Markets are a clustering of similar products and services based on research and enabling technologies. Markets are where the highest potential for job creation exists.

Markets are the domain of the private sector. These are the current markets:

Medical Devices
The Medical Device market includes all instruments, apparatuses, implements, contrivances, implants, in vitro reagents, or component parts or accessories, which are used to prevent, diagnose, treat, or cure diseases or other conditions in humans or animals.

Pharma/Biologics
The Pharmaceutical market includes traditional chemical-based drugs for the prevention, diagnosis, treatment, and cure of diseases.  Traditional chemical-based pharmaceuticals are often referred to as “small molecule” drugs.
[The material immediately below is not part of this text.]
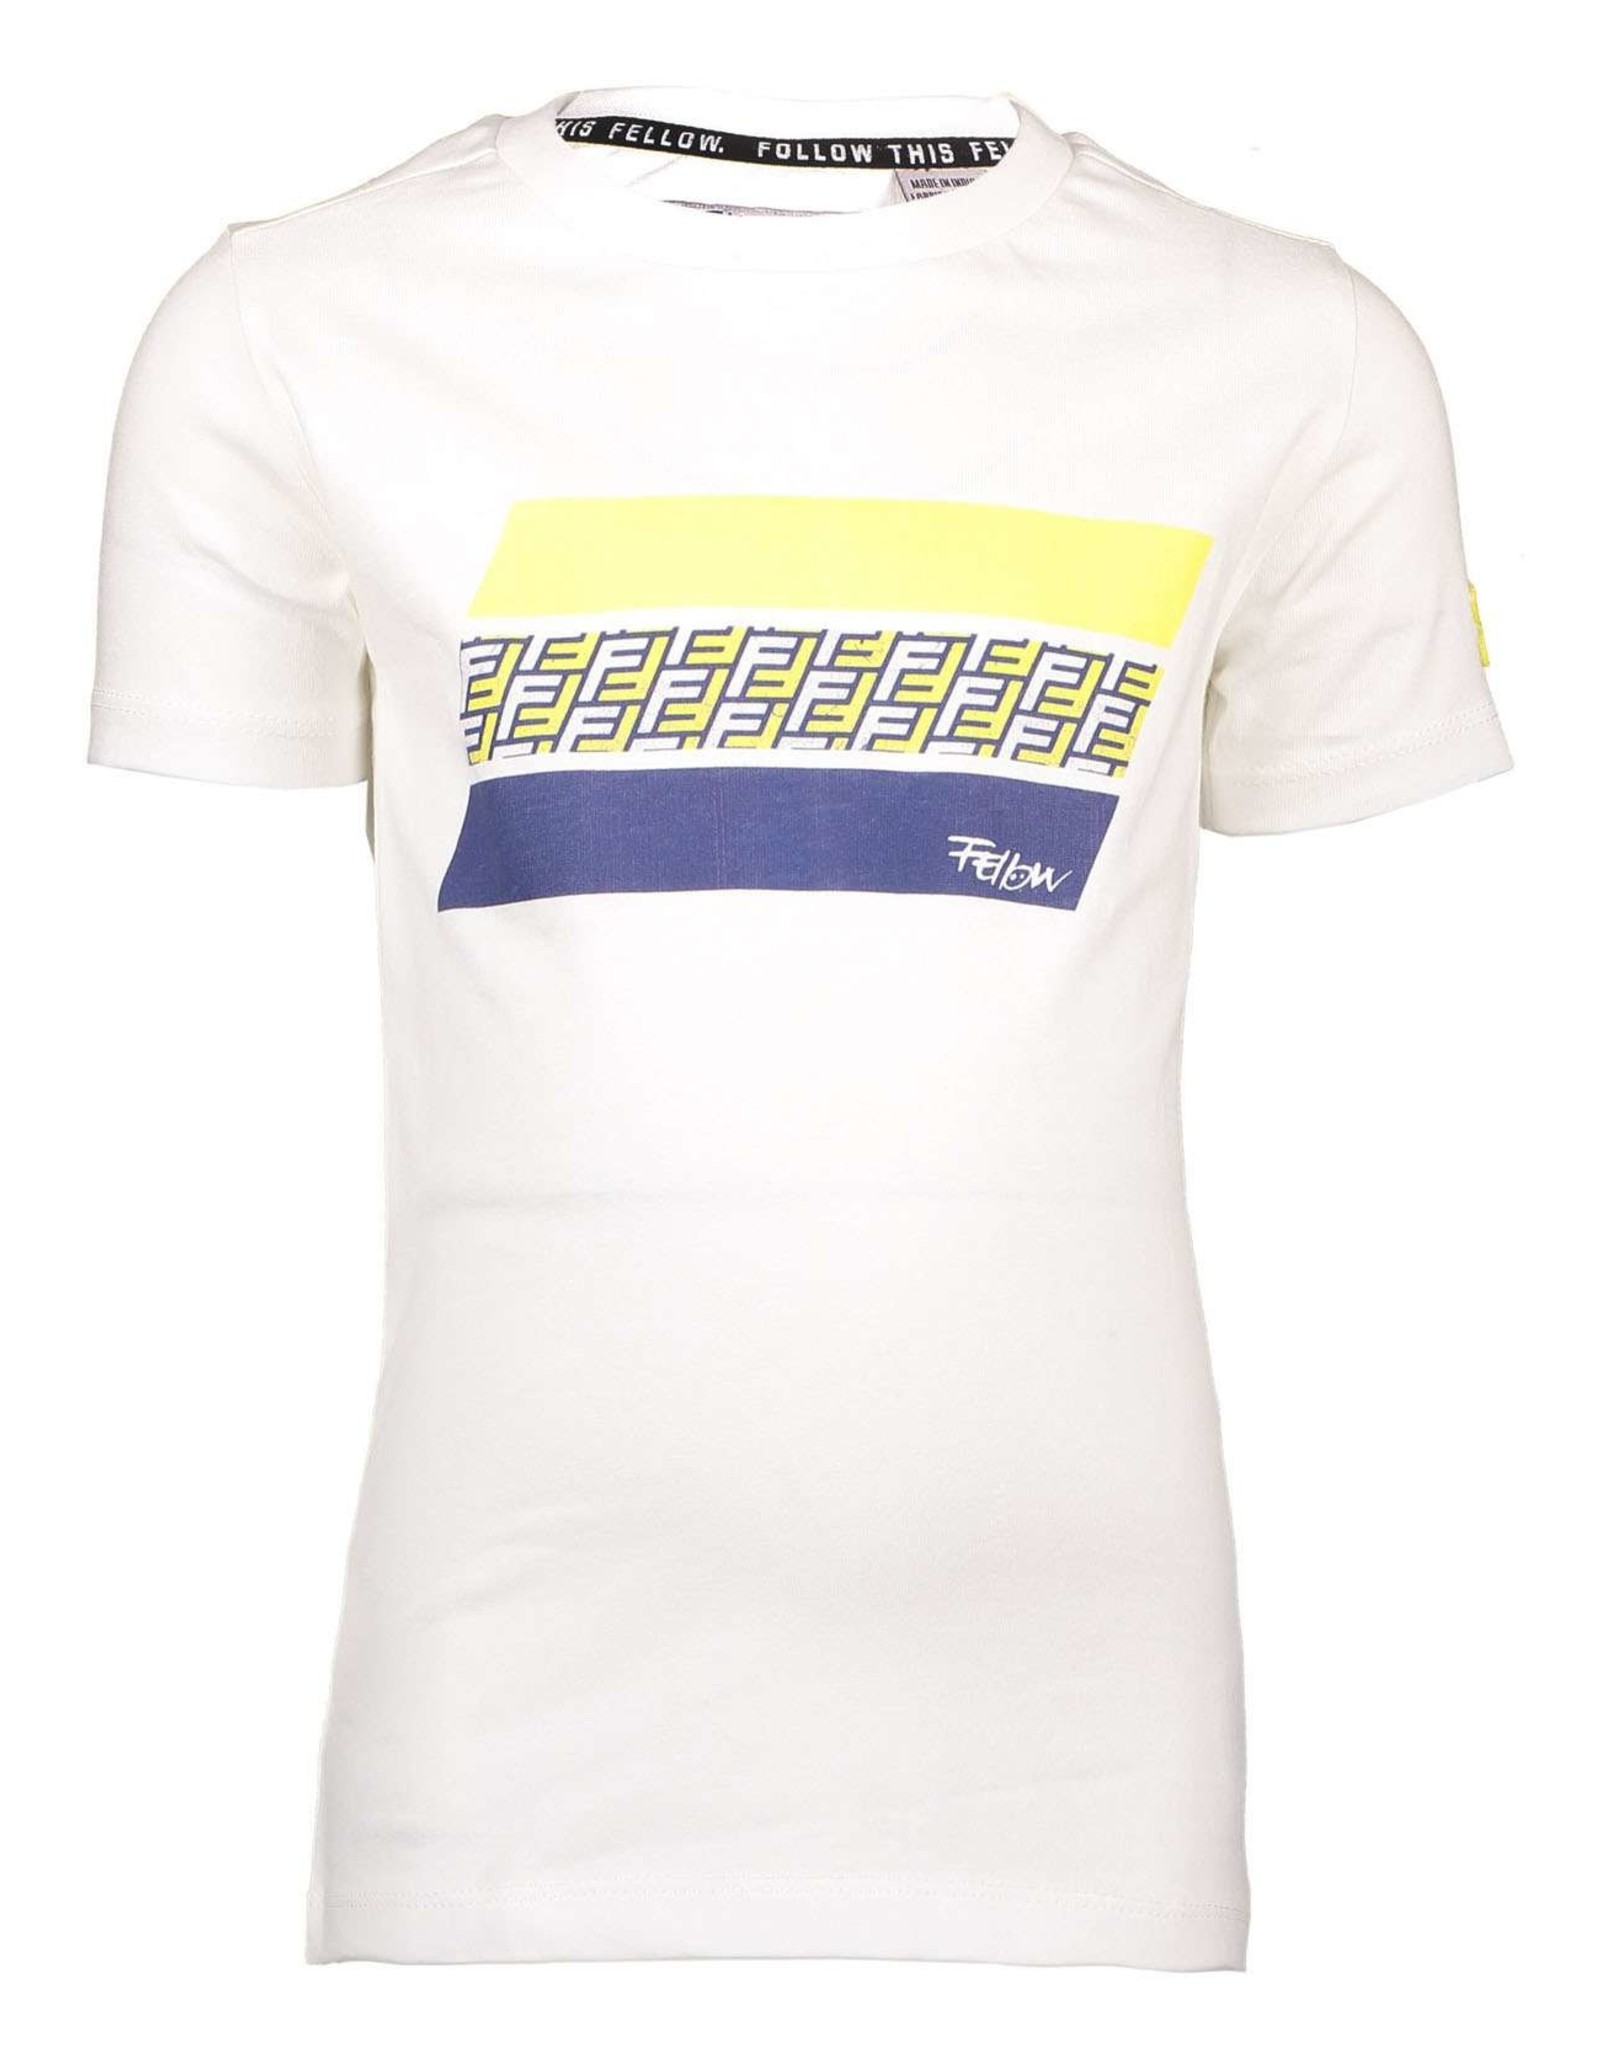 Moodstreet Fellow Moodstreet Fellow T-shirt White (OUTLET)

Convergence (Medical Device and Pharma/Biologics)
The Biologics/Biopharmaceuticals market includes drugs or other products that are derived from life forms.  Biologics are biology-based products used to prevent, diagnose, treat, or cure disease or other conditions in humans and animals.  Biologics generally include products such as vaccines, blood, blood components, allergenics, somatic cells, genes, proteins, DNA, tissues, recombinant therapeutic proteins, microorganisms, antibodies, immunoglobins, etc.  Biopharmaceuticals are produced using biotechnology and are made from proteins, genes, antibodies, nucleic acids, etc.  Biopharmaceuticals are often referred to as “large molecule” drugs.

Animal Health
The animal health market includes any and all products, mechanical, electrical, chemical, software, veterinary, and biological, to prevent, diagnose, treat, or cure diseases that affect animals other than humans.  Animal health products include feed additives, vaccines, pharmaceuticals, devices, antimicrobials, topical products, imaging, parasiticeds, diagnostics, etc.

Food
The intersection of the life sciences and the Food market includes the use of scientific techniques to produce desired traits in plants or animals to enhance the quality, safety, nutritional value and variety of food and increase the efficiency of food production.  It also encompasses food ingredients and nutraceuticals.

Renewable Energy
The Renewable Energy market includes the various sources of renewable energy that can be applied to the transportation, electricity, residential, commercial, and industrial sectors.  Examples of renewable energy sources include ethanol (corn-based, biomass-based, cellulosic, and other feedstocks), biodiesel, combustible biomass, wind, hydrogen, photovoltatic (solar), geothermal, etc.  Bioscience-based energy is typically defined as renewable fuels.  This definition includes all renewable energy sources, not just renewable fuels, because all of these sources of energy will become integrated over time.

Renewable (bio) Materials
The renewable materials market includes materials that are made from biological sources.  These can be biofibers, biopolymers, biodegradable plastics, bio-packaging.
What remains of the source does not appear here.